Nice video. Hope to see more on this same topic! In your 1st scenario, however, was it a real case where the price has so shot up significantly, while you were still able to buy back for only $0.05? My experience has always been that the price to buy back also went up significantly (esp if the price has risen), even it was getting close to the Exp date ( e.g. Amazon, ZM, APPL, etc. ) Any idea what are the characteristics of the type of stocks for which you can Buy to Close at such a low cost as described in the first scenario?
Time left to expiration - if there were minutes left to expiration it wouldn't matter if the stock rose up to the short call that day - the short call is going to expire in a few minutes worthless or with intrinsic value, so this example is really an example of being a few minutes from expiration, rather than a few days, where it would still have some premium.
SUPERB VIDEO TY SO MUCH
I sell cash secured puts on stocks I want to own (in case I get assigned), and sell covered calls on stable dividend aristocrat stocks. Now, I ALWAYS let my covered calls expire when they are under my strike price. But after watching your video, it looks like you always buy to close near expiration. Why would I want to do this when there is no chance of it exceeding my strike price?
I am wondering the same thing - why loose the .05? Why not let it expire and sell a new call on the next opening day? What am I missing?
nice strategy - i like Puts except you need cash in the account for the value of the shares in case you get them assigned, correct?
I bought the XPEV at $20. Same time I sold the cover call strike price at $22.50 for $1.60 EXP 20 Nov, 20. 5 more days to expire. Now I am deep in the money and what kind of correction do I need to do tomorrow?
What about a CC when the price rockets up several weeks before expiration. When should you roll it?
You'd be sitting on a profitable trade, so we'd likely exit if there wasn't much extrinsic value left in the short call. If we're trying to avoid assignment and keep the shares as long as possible, we'd roll up and out before the option went ITM - www.tastytrade.com/tt/shows/trade-managers/episodes/avoiding-assignment-in-covered-calls-12-12-2018
@@tastyliveshow perfect video for my situation... thanks!

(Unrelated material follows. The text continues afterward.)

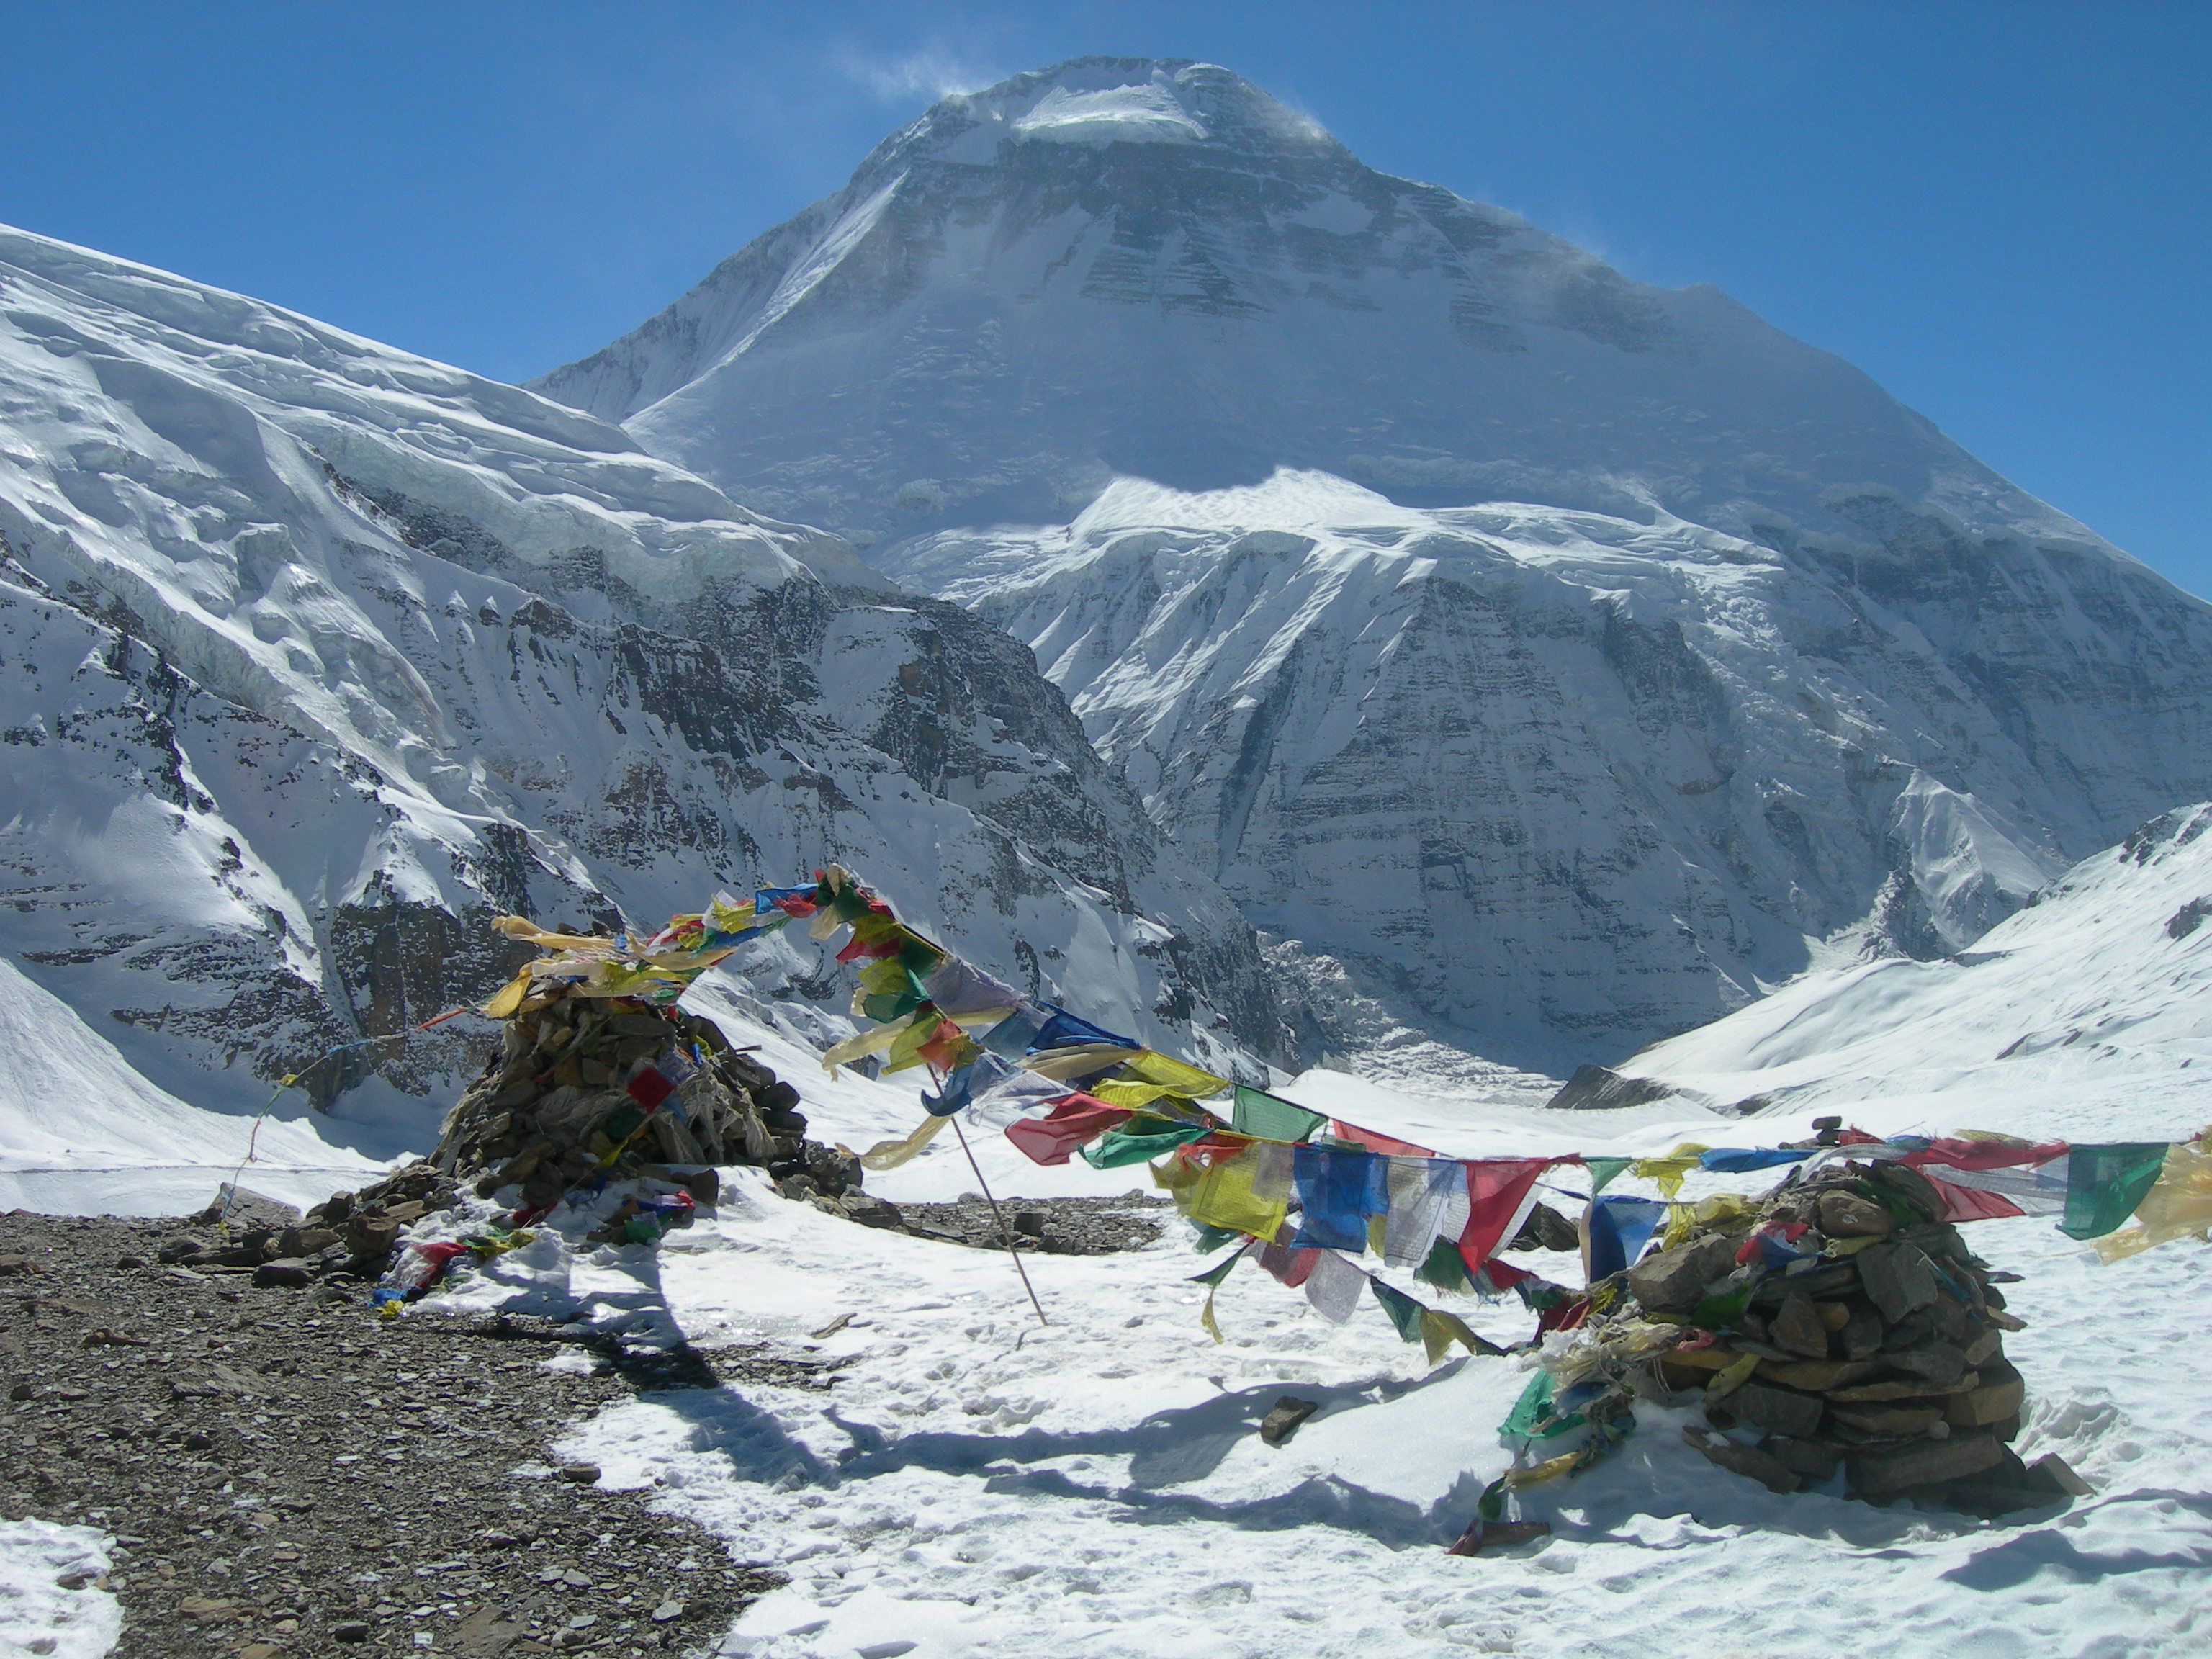 Ali   Saeidi   NeghabeKoohestaN, Mount Everest

Hi need a help for this Novice option trader... I sold a covered call option with strike price 2.5$ and expiration 2022. Now the current stock price is around 2.35$ . Will i get my money back and will be out of contract if stock goes past 2.5$ tomorrow or I shd be waiting till 2022?? again sorry for very basic question but need someone to help me
Nothing will happen most likely - you are waiting for the extrinsic value to come out of the short call, and if it does prior to 2022 you can close the position for near max profit, if it doesn't get exercised. Either way you're looking at max profit if the stock is above 2.5 at expiration.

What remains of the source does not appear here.